Gatekeeping on Twitter networks
Twitter is a free microblogging service that allows users to publish short messages, known as tweets, in a variety of ways. Users can post their tweets on the Twitter website or send SMS text-messages directly from their cell phones. Because Twitter enables real-time propagation of information to any number of users, the platform is an ideal environment for the dissemination of breaking news directly from the news source and/or from the geographical point of interest. Twitter network structure is reasonably simple. User A can follow B or any other user on the system, thus creating a social network in which user A receives the messages from the users he or she follows. Twitter being a large network of users, it is the network of followers and followees that structures the channel through which messages are passed on to users. Twitter users with a large number of followers are identified as network hubs, which should account for the spreading of a message due to their specific connectivity in the network. However, as we discuss further below, Twitter network connectivity is not correlated with the diffusion of messages. Gatekeeping might actually emerge as a function of the message frequency instead of the network structure, thus contradicting the description of gatekeepers as a bottleneck of interconnections that determines information flow.
We have investigated the connection between Twitter network connectivity and message diffusion. In order to address that, we analyzed the relationship between retweet network (RT), mention network (AT) and the followers’ and followees’ networks (FF). Retweets are posts that Twitter readers forward with full attribution to those who follow them, while the user’s followers-and-followees network comprises a list of users who subscribe to one another’s activity streams. Mentions are messages in which a specific Twitter user is mentioned using the at-sign (@), and even though these messages address specific receivers, they are also posted on the recipient’s public page. Message diffusion within Twitter is heavily dependent on retweets, and because most retweets posted by a user are of tweets originally posted by someone the user follows (which can themselves be retweets), retweet activity reflects how the social network furthers the propagation of information. According to Suh et al. (2010), there is a very strong linear relationship between the number of followers and retweet rate. In other words, the larger the user’s audience, the more likely that the tweet will be retweeted.

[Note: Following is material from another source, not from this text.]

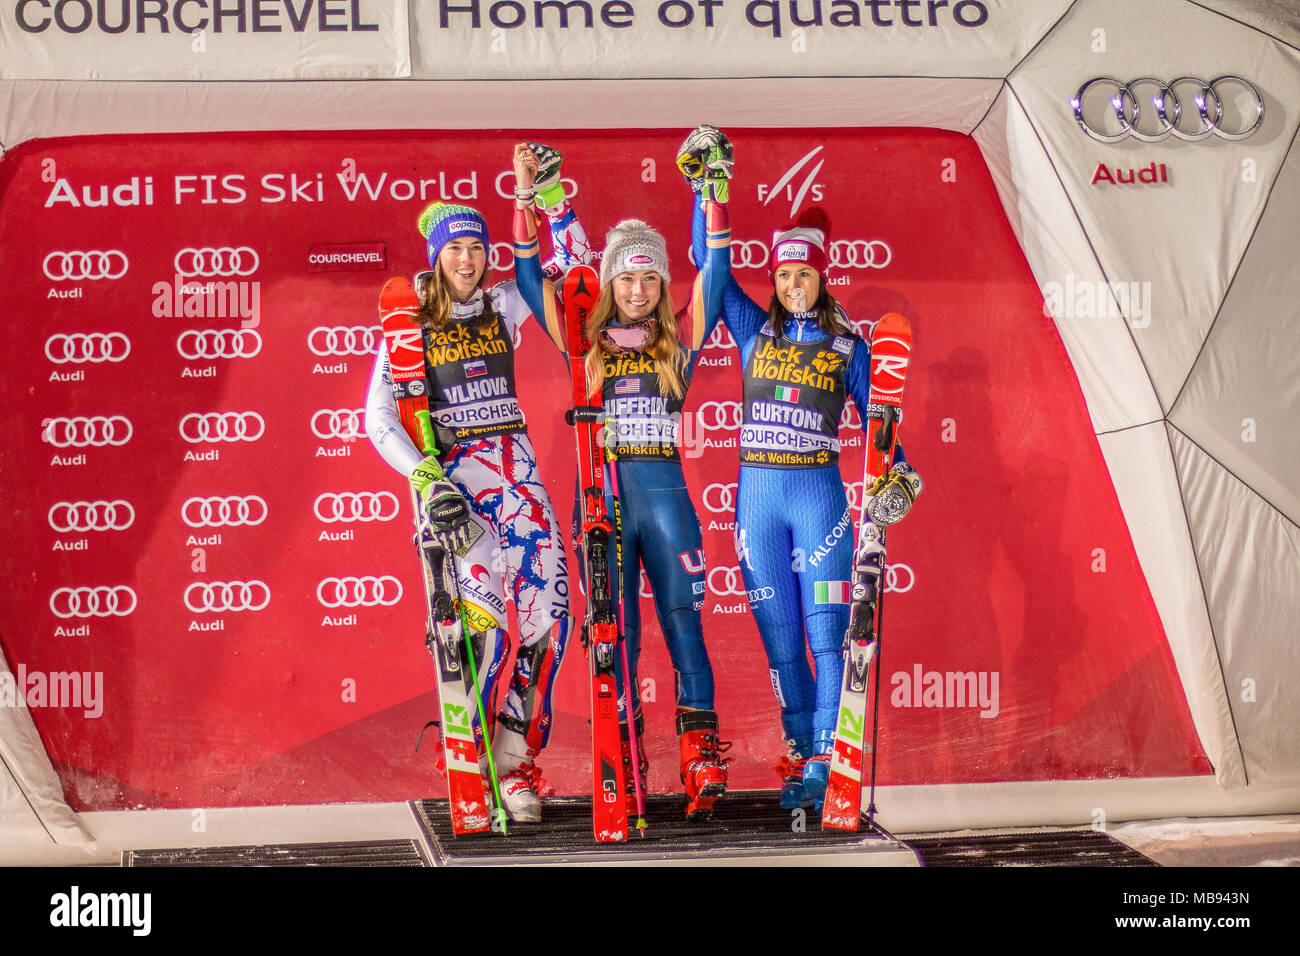 20 décembre 2017, Courchevel, Savoie, France, Mikaela Shiffrin de Usa vainqueur du slalom parallèle de Courchevel Ski Dames podium Coupe du monde présent Banque D'Images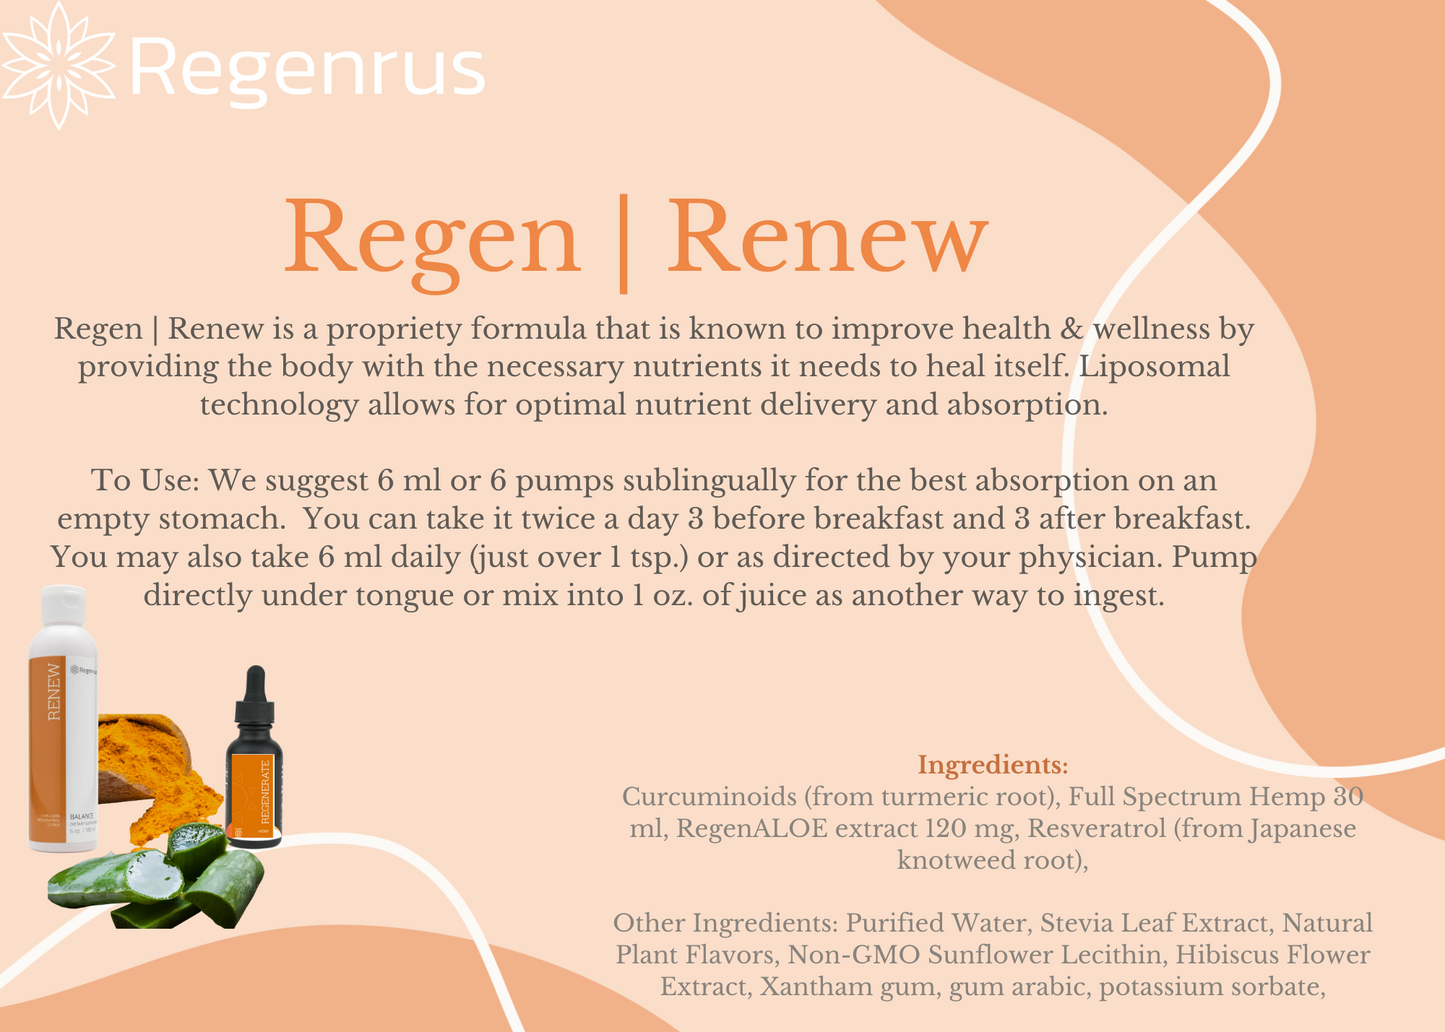 NEW REGEN + RENEW

This is again the concept of gatekeeping based upon the principle that network topology determines message diffusion. Again, according to Suh et al. (2010), there is a close correlation between the tweet author’s number of followers and the retweet rate. The more followers a Twitter user has, the more likely it is that their tweets will be retweeted. We tested this hypothesis with a dataset of Twitter political hashtags, which tend to be more persistent than other topics, thus assuring that once the message goes through the gate (once it goes viral), it remains in time and space. According to Romero et al. (2011), political hashtags are particularly persistent, with repeated exposures continuing to have large relative effects on adoption. The persistence has a significantly larger value than the average – in other words, successive exposures to a political hashtag have an unusually large effect relative to the peak. Once political hashtags become Trending Topics they tend to spread through the network in a way that corresponds with the complex contagion principle, which maintains that repeated exposures to an idea are of vital importance when the idea is controversial or contentious.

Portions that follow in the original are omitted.